Use the SATA provided by Intel Z77, no one is forcing you to use the additional Marvell chips, but at least from a non-RAID real world standpoint, the throughput from either was indistinguishable.  For ~$170, you'd be hard pressed to find another board with the same build quality (and warranty), performance and features (in that order of relevance to me).  You must have deep pockets if you're concerned about a 1-5% performance difference in synthetic benchmarks attempting to saturate 6GB SATA connections.  If so, you're right, wrong board, definitely wrong chipset and I'm off the hook.   :Twisted Evil: 

I've had no performance or reliability issues concerning USB.  That remains mostly subjective review fault finding hype and speculation, the synthetic benchmarks didn't indicate a problem (on the contrary, the 2.0 performance was at the top, 3.0 mid-range in an already narrow margin) and real world performance didn't indicate any issues.  Mind you I'm not exactly overflowing with USB 3.0 heavy bandwidth devices to test further.  :Wink: 

In any case, for my first dealing with Gigabyte with the UD5H, I was convinced enough to buy another for a family member.

----------

## i92guboj

Ugh, issues with VIA usb chips and VIA sound chips are far from minor.

The formers have caused completely system freezes for me, for years, and I can confirm issues are not 100% sorted out by today.
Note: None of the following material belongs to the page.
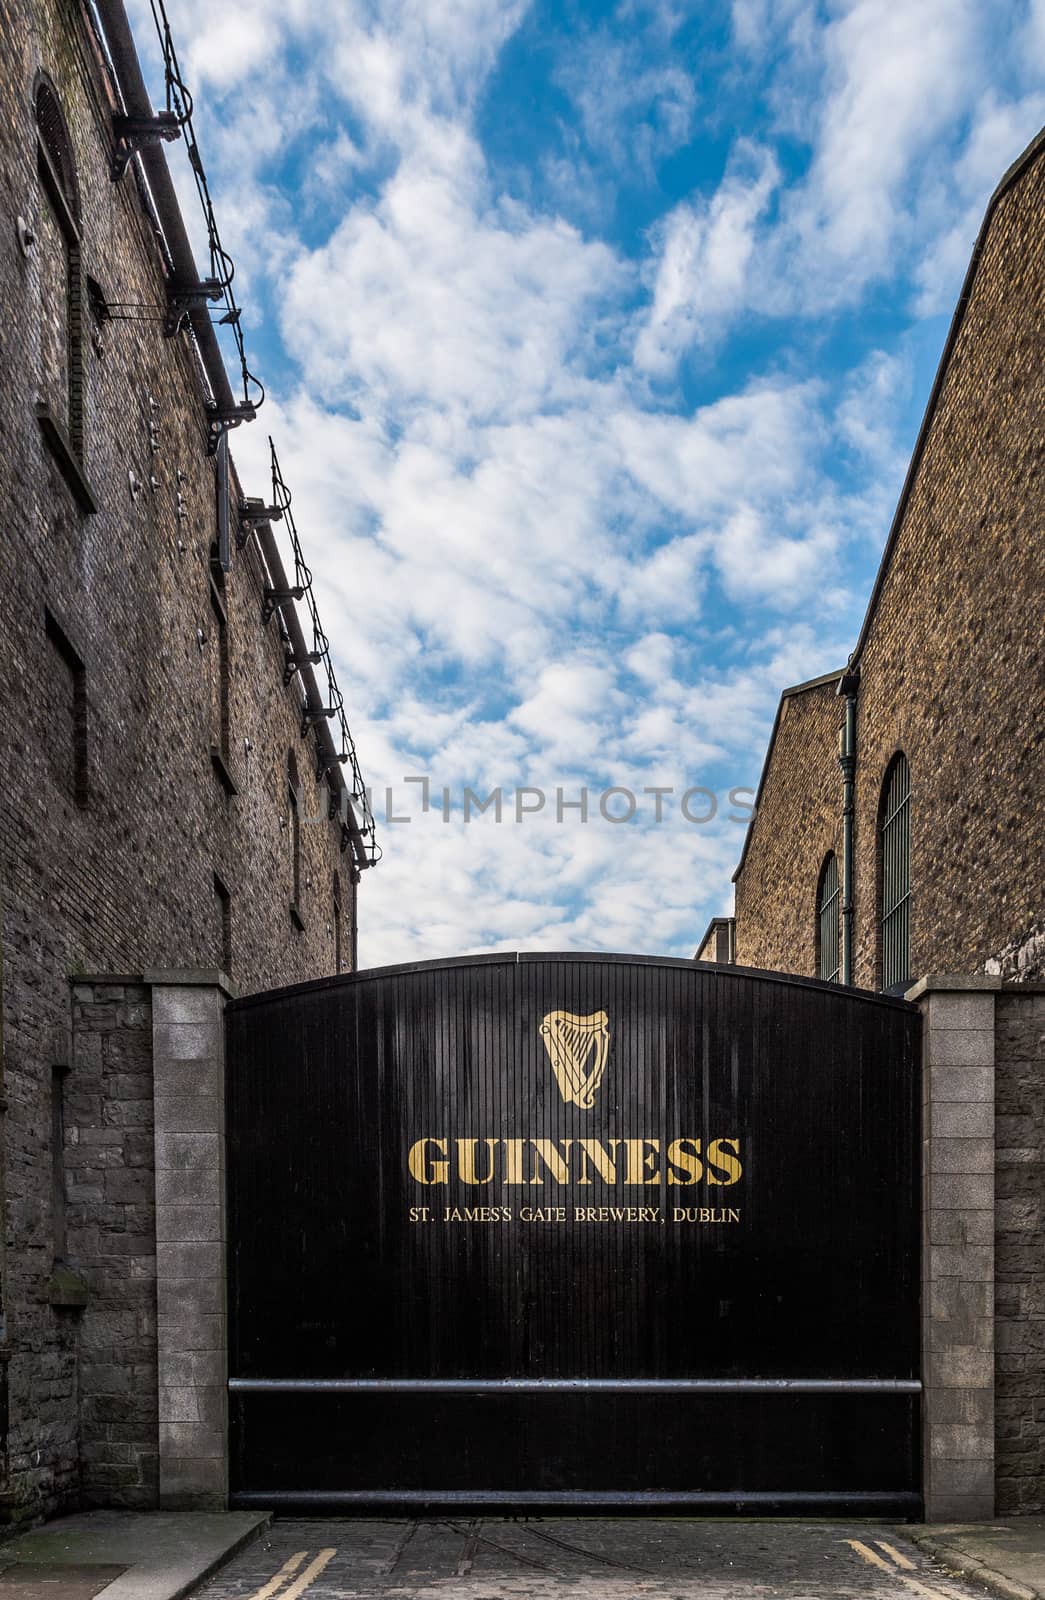 Guinness Experience center Dublin Ireland Beer

The laters have given me issues regarding not being able to set a master volume and/or being unable to use jack without a lot of work and investigation. But I am sure ALSA has its own share of guilt in that.

Low-mid price ASUS board have always given me problems, but hey, maybe that's just me.

So, I cat tell you what not to buy, rathern than what to buy. It's true that, in most cases, the mobo-cpu combo is not tool relevant (other than for the price/performance ratio).

----------

## Navar

i92guboj,

The VIA VL810 are used on the UD5H to provide additional internal USB 3.0 headers (as an internal hub, versus the additional cost of providing an additional controller chip that people would also gripe about (see Marvell prior)) rather than replicating the existing Z77 chipset provided.  I know the mac x86 folk had some issues with these early on until a firmware upgrade occurred and this is otherwise one of their favored boards to pick.  Again, if it were that big of an issue and non-functional/reliable, there would have been a lot more bad press and fallout than a few reviews speculating possible problems.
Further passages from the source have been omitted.